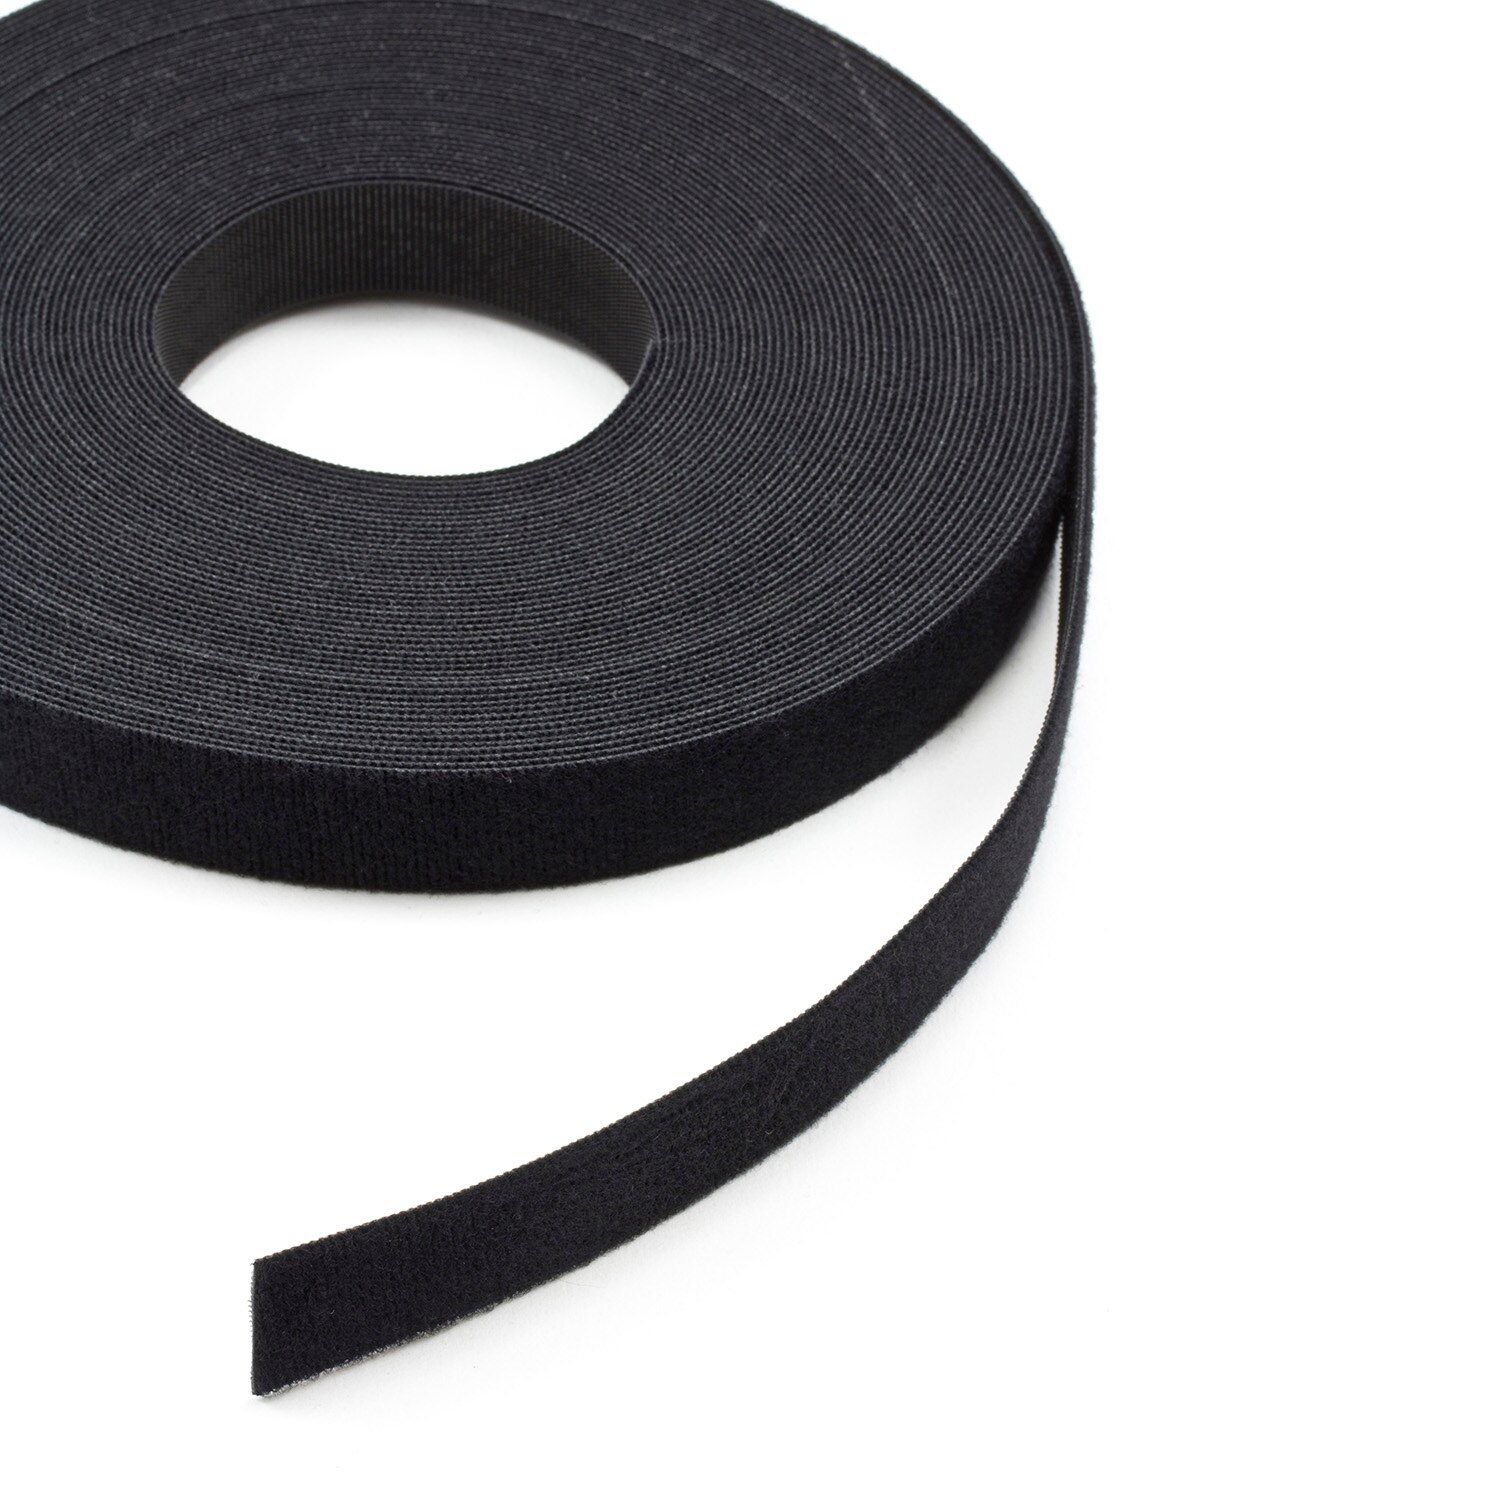 VELCRO® Brand ONE-WRAP® Tape 6 x 25 yard roll sold by Industrial Webbing  Corp
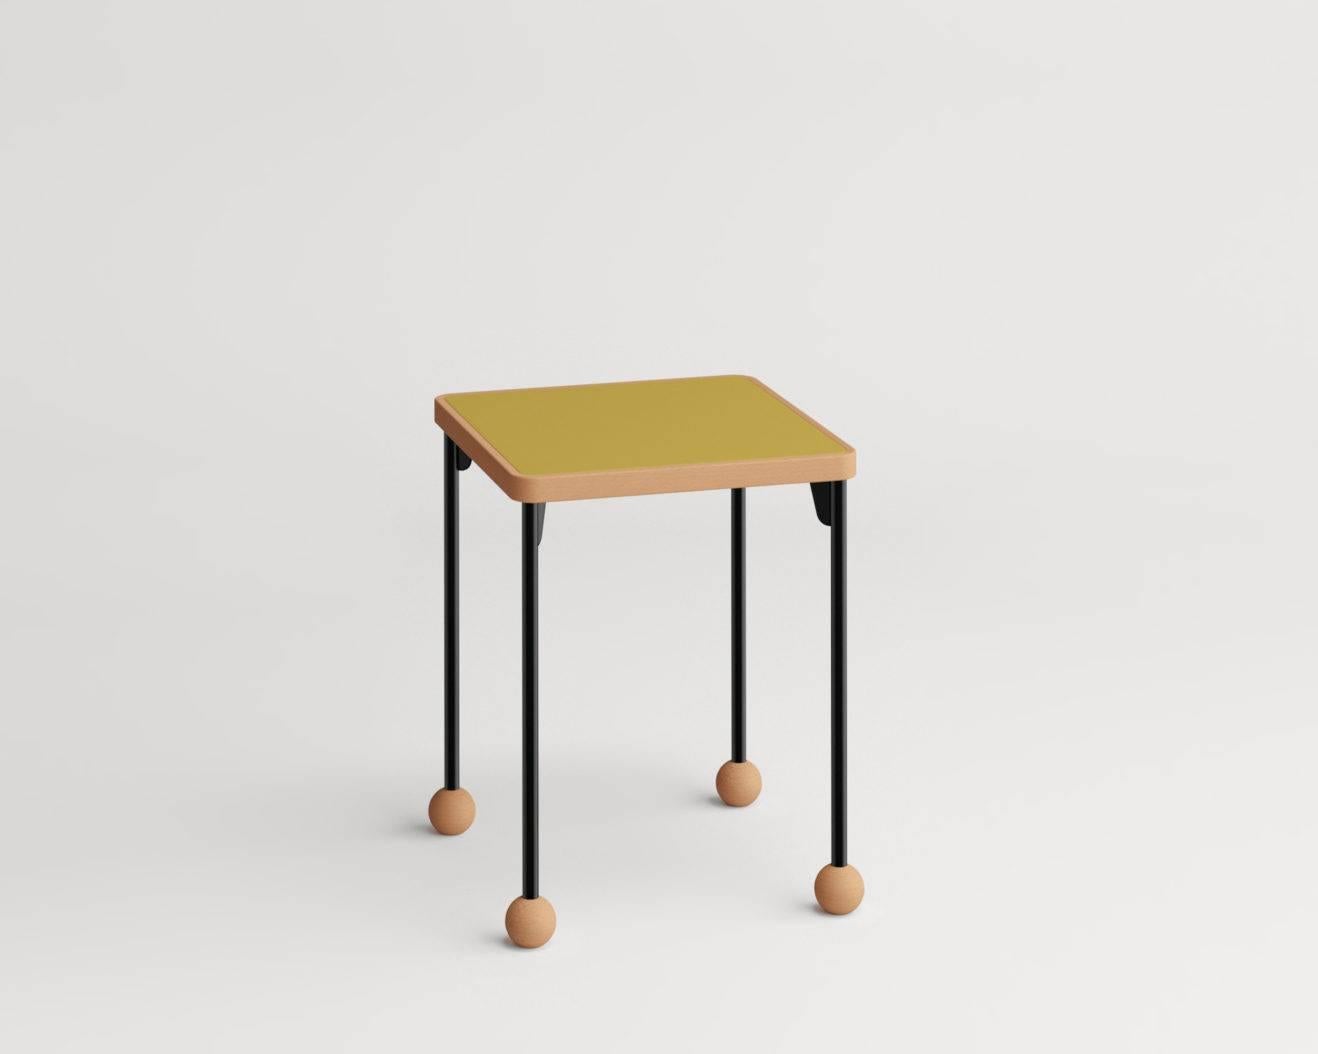 Stools or side tables by Russian designer Dmitry Samygin

Beech wood, metal and linoleum Forbo
Measures: 45.7 cm x 35.6 cm x 35.6 cm

Available colors: black, grey, red, yellow and green

[Sold individually]

After studying Applied Arts at the

* * * * *

Drop the pictures; repeat the listing above exactly.

_Response for this exercise_.
 VELCRO® Brand ONE-WRAP® Tape 6 x 25 yard roll sold by Industrial Webbing  Corp
 Stools or side tables by Russian designer Dmitry Samygin

Beech wood, metal and linoleum Forbo
Measures: 45.7 cm x 35.6 cm x 35.6 cm

Available colors: black, grey, red, yellow and green

[Sold individually]

After studying Applied Arts at the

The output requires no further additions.